Every line below needs to be transcribed without alteration, and no image may be carried over.

DATA EXCERPT =
════════════════════
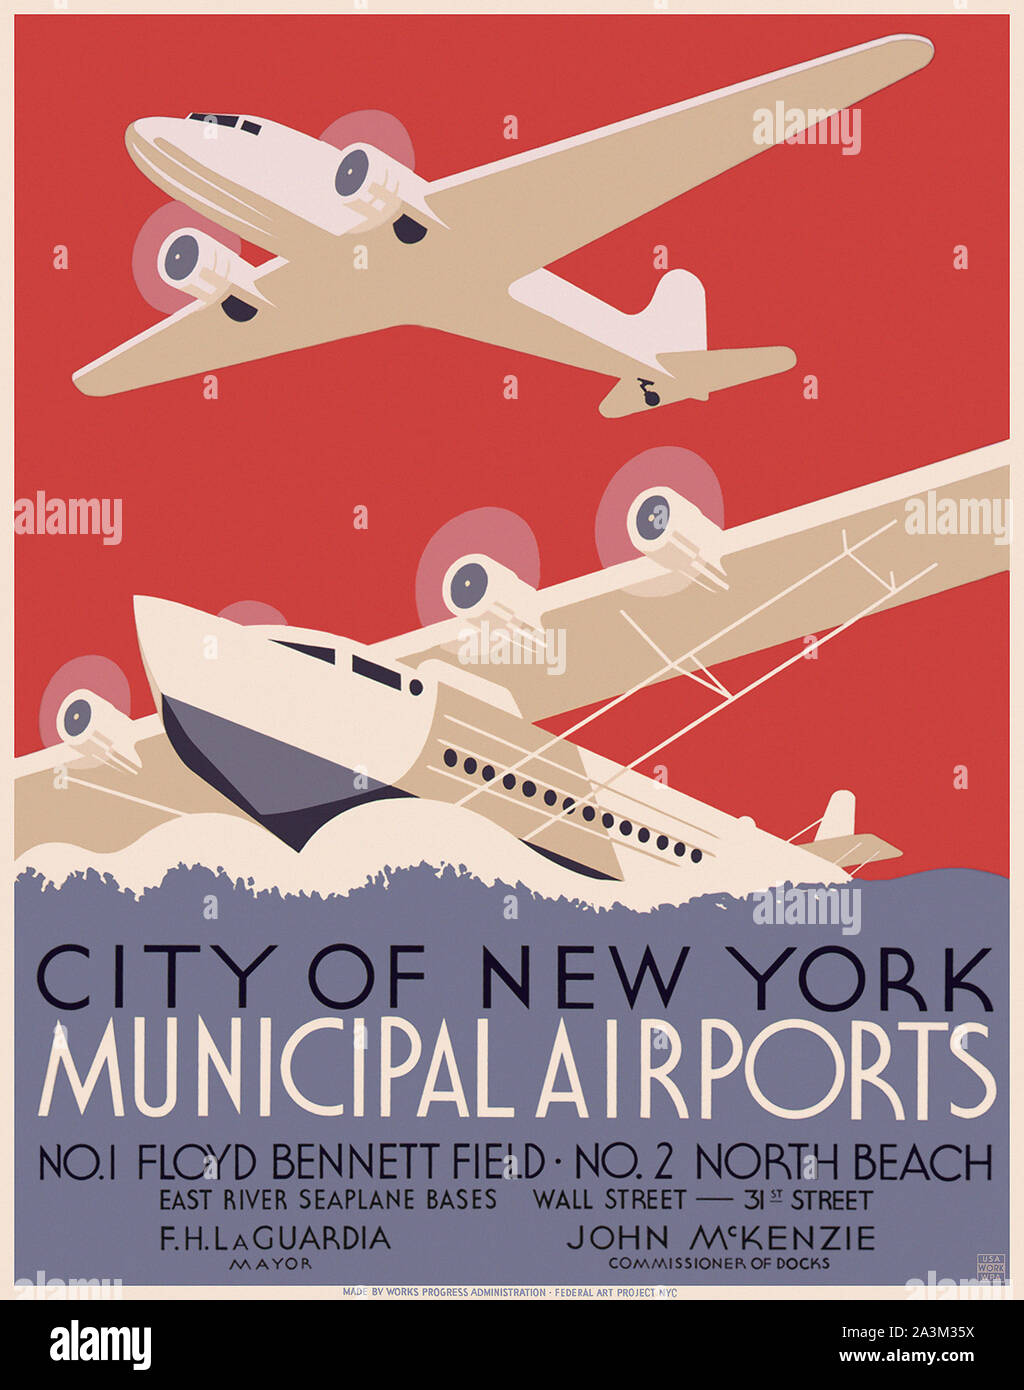 New York City aéroports municipaux - l'avancement des travaux de l'administration fédérale - Projet d'Art - affiche 1937 Banque D'Images
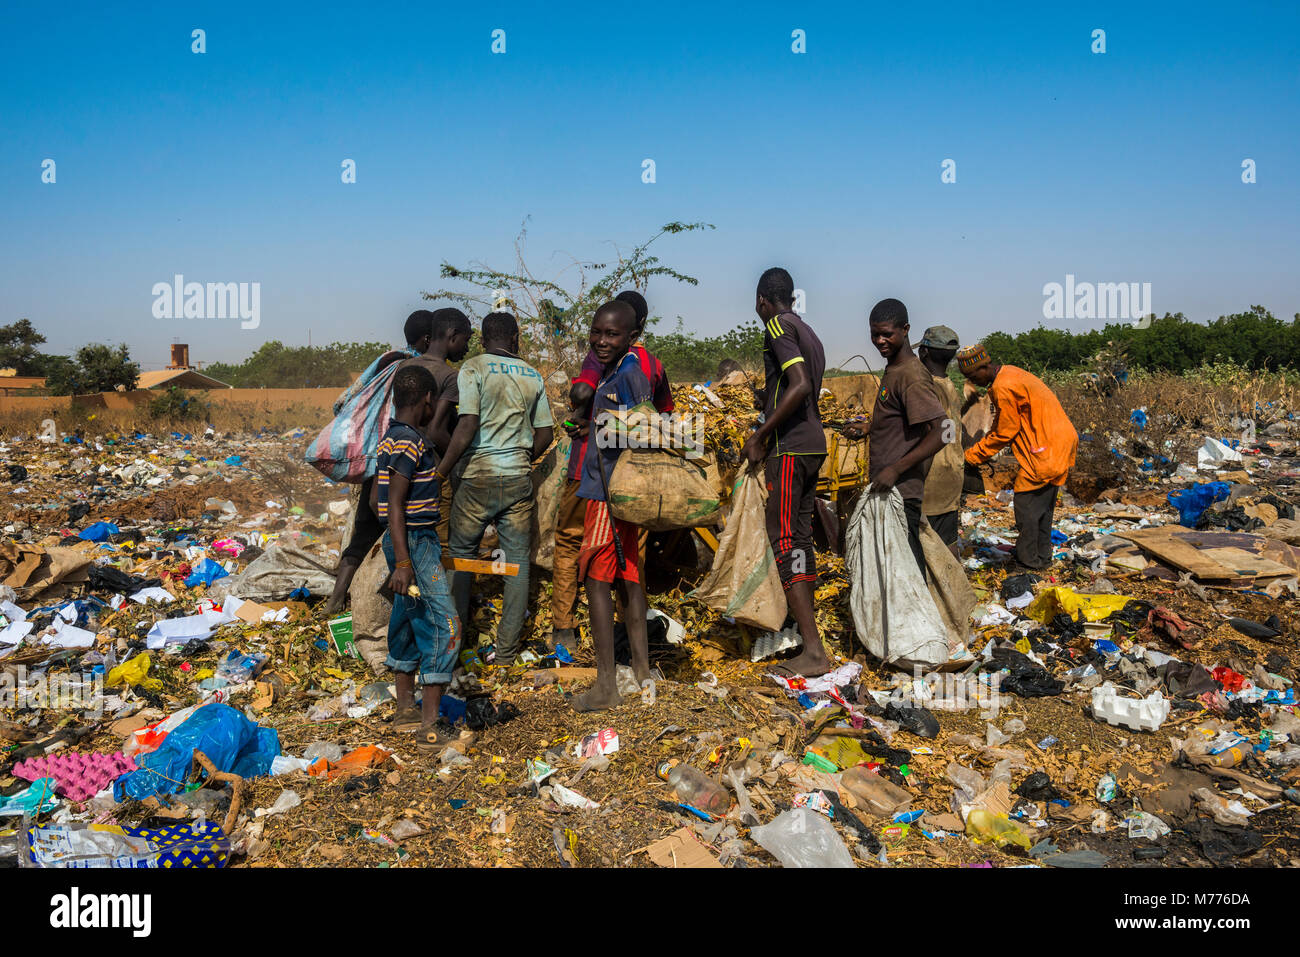 Ragazzi locali alla ricerca di oggetti di valore nella pubblica discarica, Niamey, Niger, Africa Foto Stock
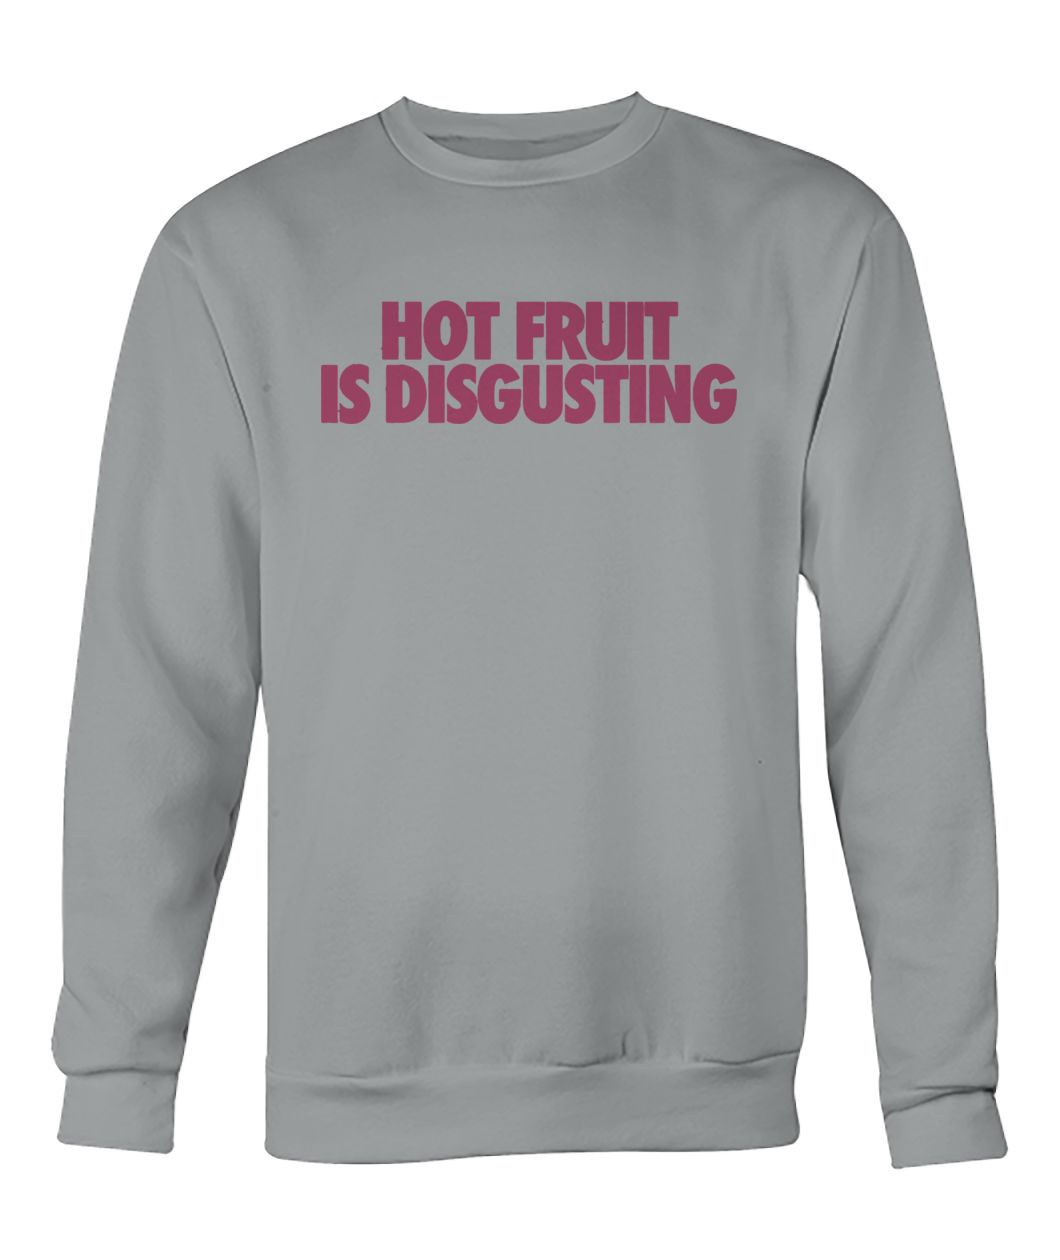 Hot fruit is disgusting crew neck sweatshirt
════════════════════
OUTPUT BELOW =
 New York City aéroports municipaux - l'avancement des travaux de l'administration fédérale - Projet d'Art - affiche 1937 Banque D'Images
 Ragazzi locali alla ricerca di oggetti di valore nella pubblica discarica, Niamey, Niger, Africa Foto Stock
 Hot fruit is disgusting crew neck sweatshirt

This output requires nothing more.